I (い in hiragana or イ in katakana) is one of the Japanese kana each of which represents one mora. い is based on the sōsho style of the kanji character 以, and イ is from the radical (left part) of the kanji character 伊. In the modern Japanese system of sound order, it occupies the second position of the syllable chart, between あ and う. Additionally, it is the first letter in Iroha, before ろ.  Both represent the sound .  In the Ainu language, katakana イ is written as y in their Latin-based syllable chart, and a small ィ after another katakana represents a diphthong.

Variant forms
Like other vowels, scaled-down versions of the kana (ぃ, ィ) are used to express sounds foreign to the Japanese language, such as フィ (fi). In some Okinawan writing systems, a small ぃ is also combined with the kana く (ku) and ふ to form the digraphs くぃ kwi and ふぃ hwi respectively, although the Ryukyu University system uses the kana ゐ/ヰ instead.

Origin
い comes from the left part of the Kanji 以, while イ originates from the left part of the Kanji 伊. An alternate form - 𛀆, based on the full cursive form of 以 is one of the most common hentaigana, as it merged with い late in the development of modern Japanese writing.

Stroke order

The Hiragana い is made in two strokes:
At the top left, a curved vertical stroke, ending with a hook at the bottom.
At the top right, a shorter stroke, slightly curving in the opposite direction.

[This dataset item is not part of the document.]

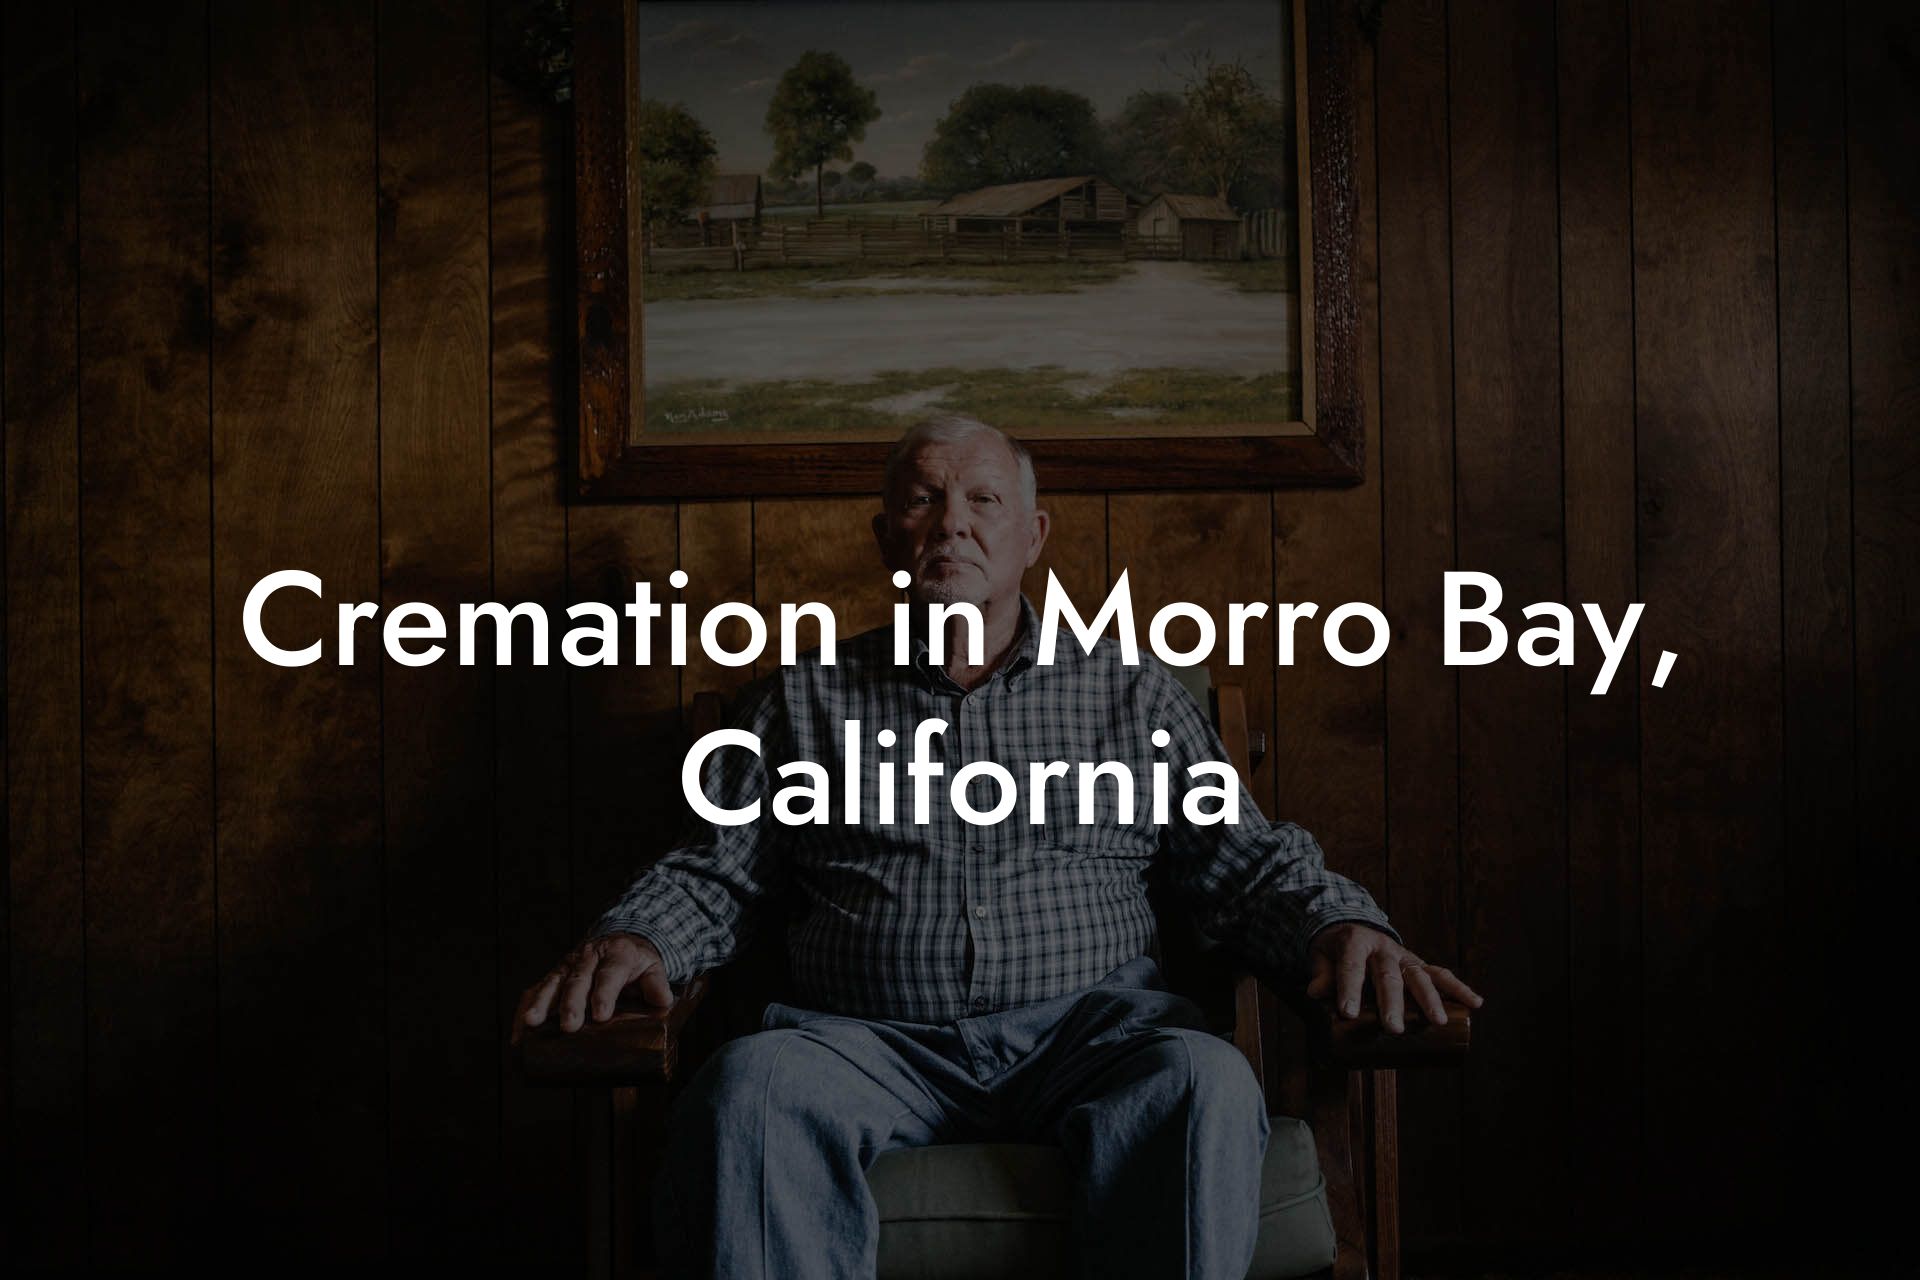 Cremation in Morro Bay, California

The Katakana イ is made in two strokes:
At the top, a curved diagonal line going from right to left.
In the center of the last stroke, a vertical line going down.

Other communicative representations

 Full Braille representation

 When lengthening "-i" or "-e" syllables in Japanese braille, a chōon is always used, as is standard in katakana orthography, instead of adding the い / イ kana.